* Directions for this task: Write the listing out again word for word, excluding any pictures.

* Data segment:
+++++
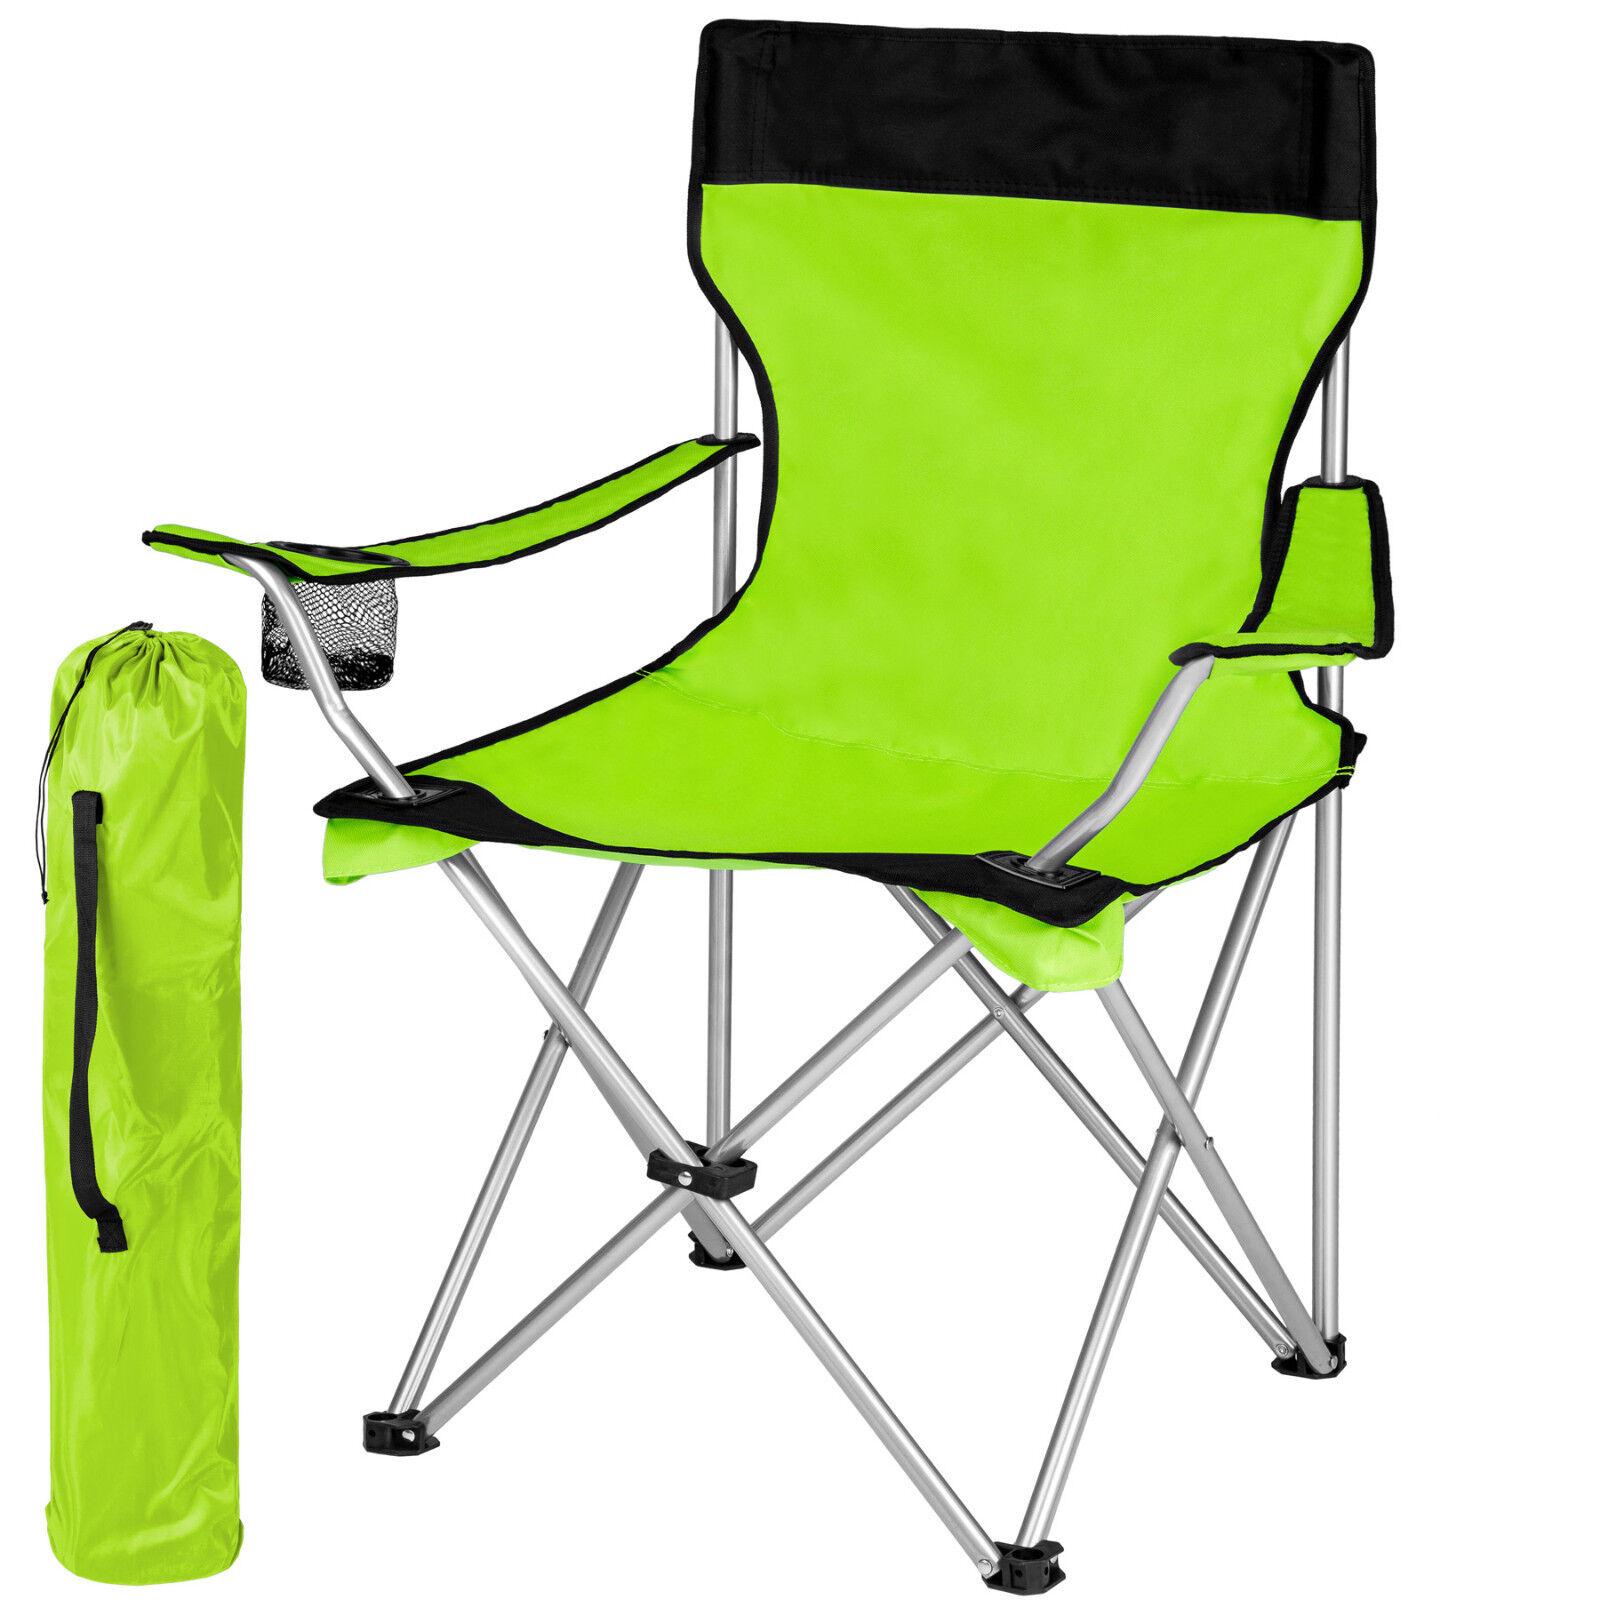 Campingstuhl grün mit hoher Lehne Klappstuhl Regiestuhl Anglerstuhl Gartenstuhl grün Campingstuhl 86d3ea
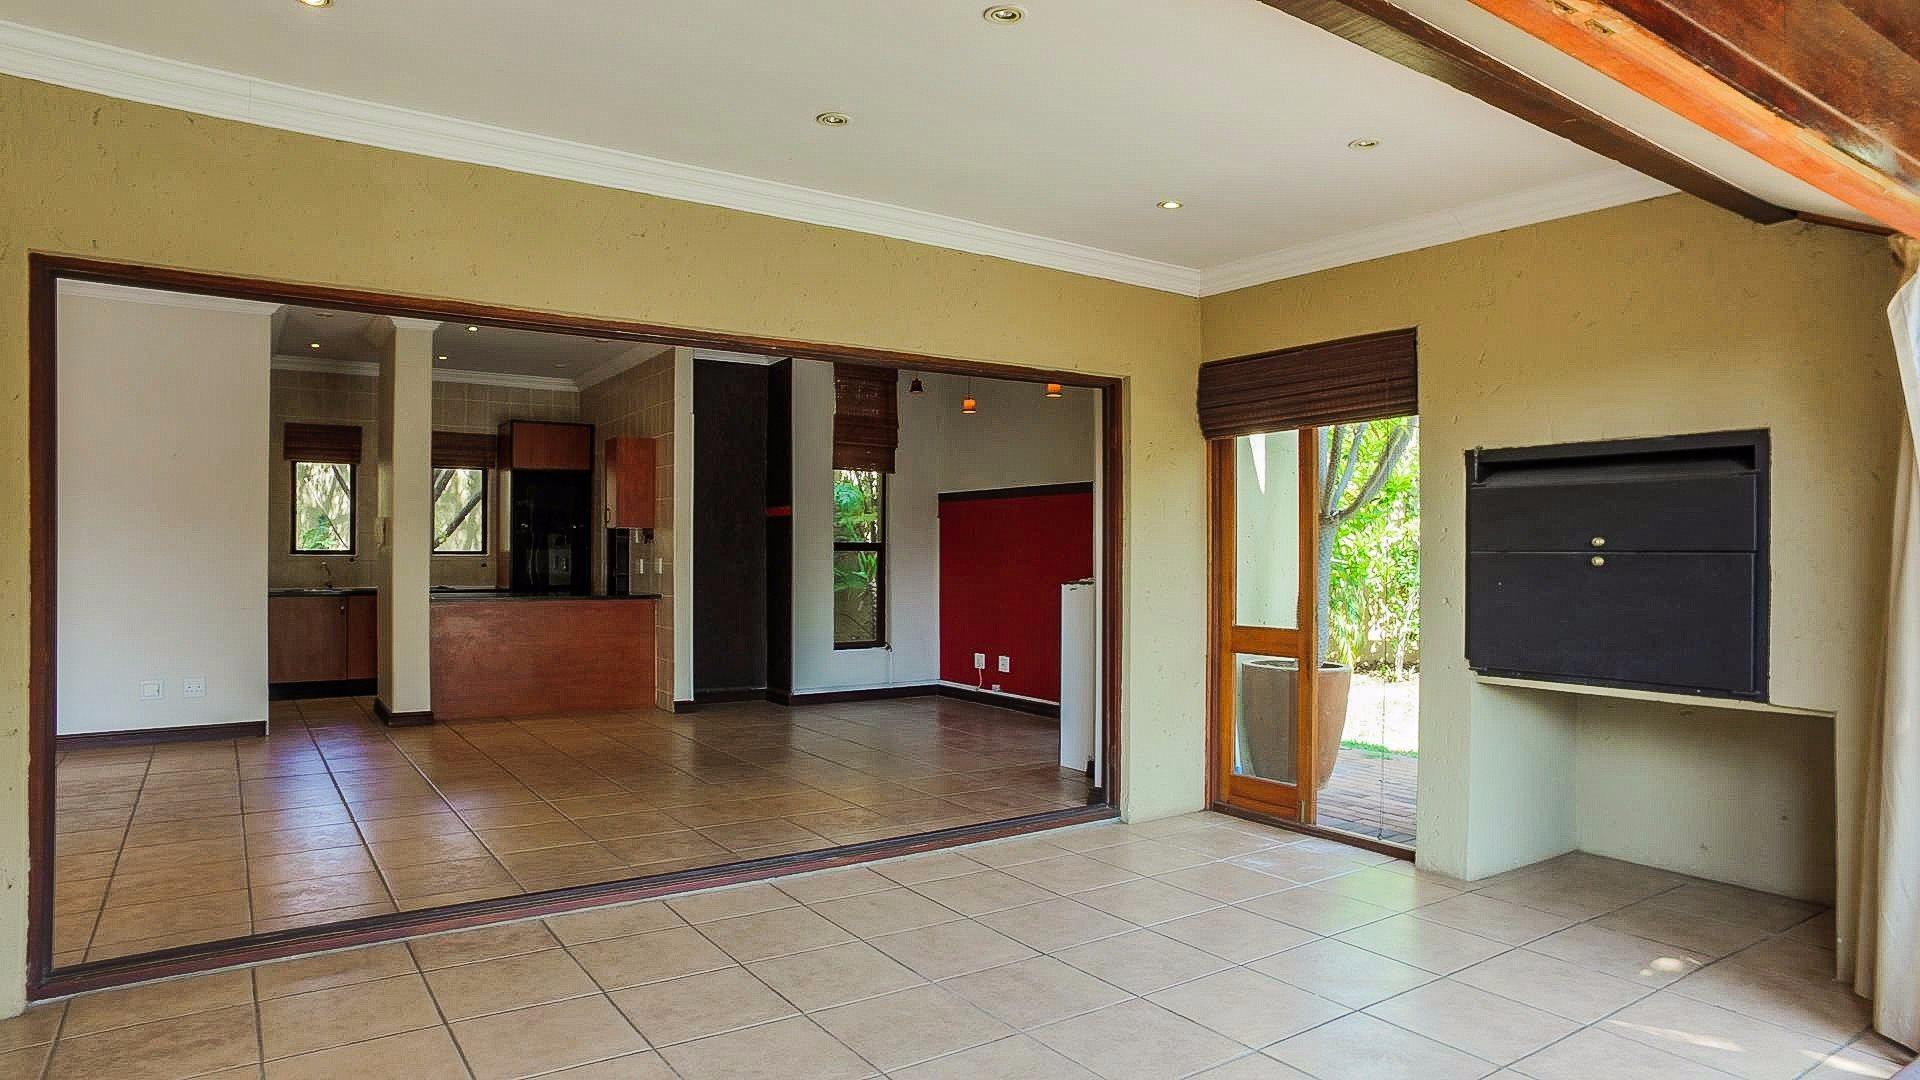 Irene View Estate property for sale. Ref No: 13519995. Picture no 11
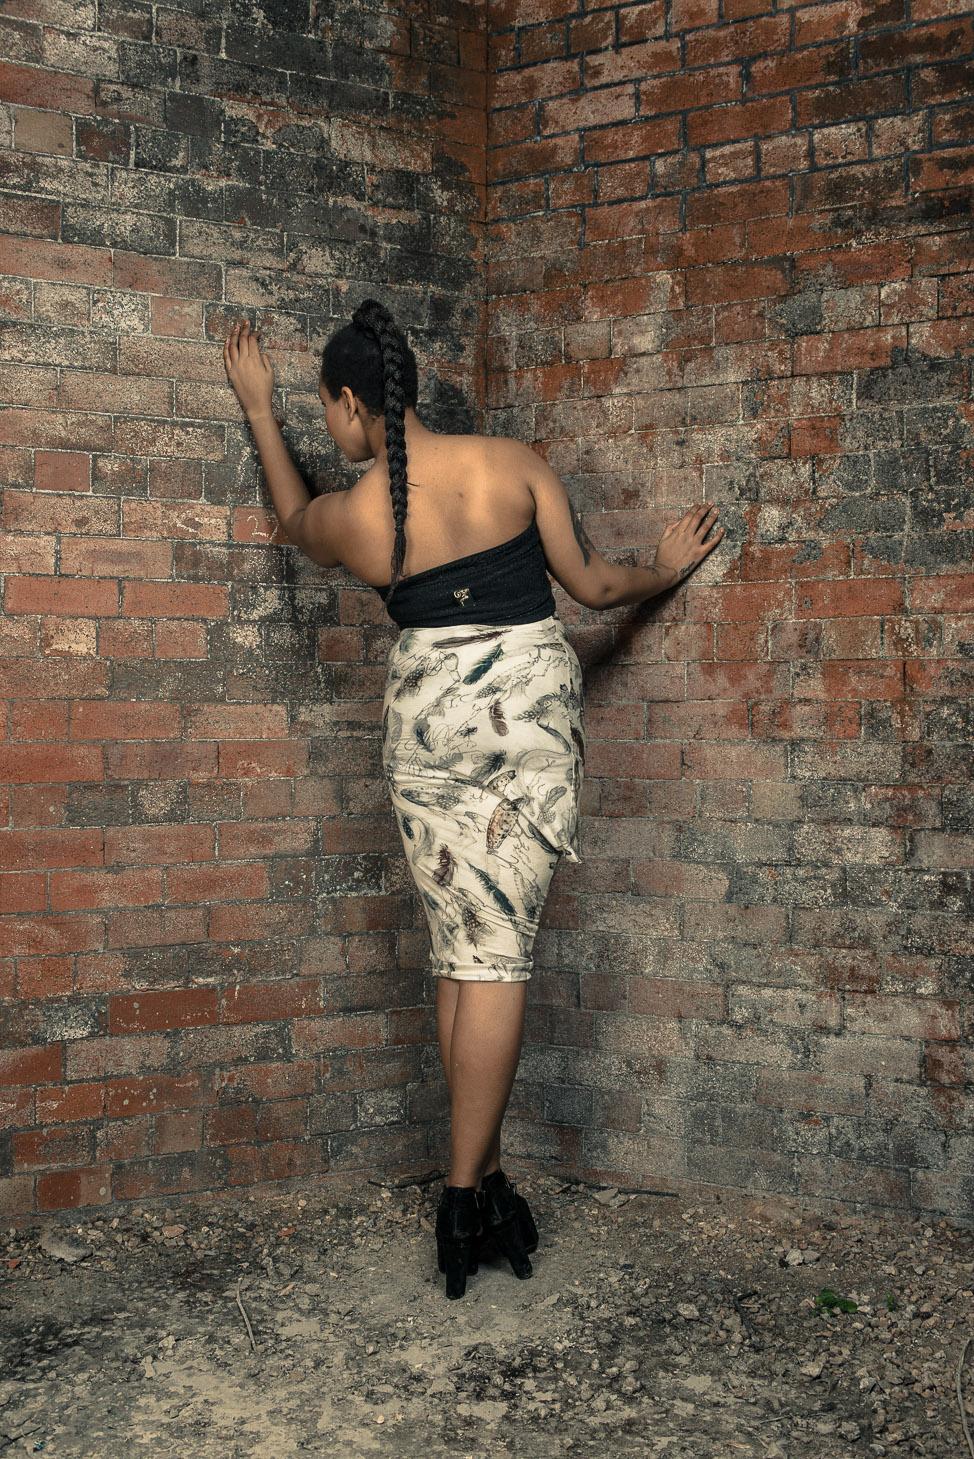 zaramia-ava-zaramiaava-leeds-fashion-designer-ethical-sustainable-tailored-minimalist-skirt-print-bandeau-maxi-versatile-drape-grey-bodysuit-black-obi-belt-wrap-cowl-styling-womenswear-models-38
+++++
* Task solution:
 Campingstuhl grün mit hoher Lehne Klappstuhl Regiestuhl Anglerstuhl Gartenstuhl grün Campingstuhl 86d3ea
 Irene View Estate property for sale. Ref No: 13519995. Picture no 11
 zaramia-ava-zaramiaava-leeds-fashion-designer-ethical-sustainable-tailored-minimalist-skirt-print-bandeau-maxi-versatile-drape-grey-bodysuit-black-obi-belt-wrap-cowl-styling-womenswear-models-38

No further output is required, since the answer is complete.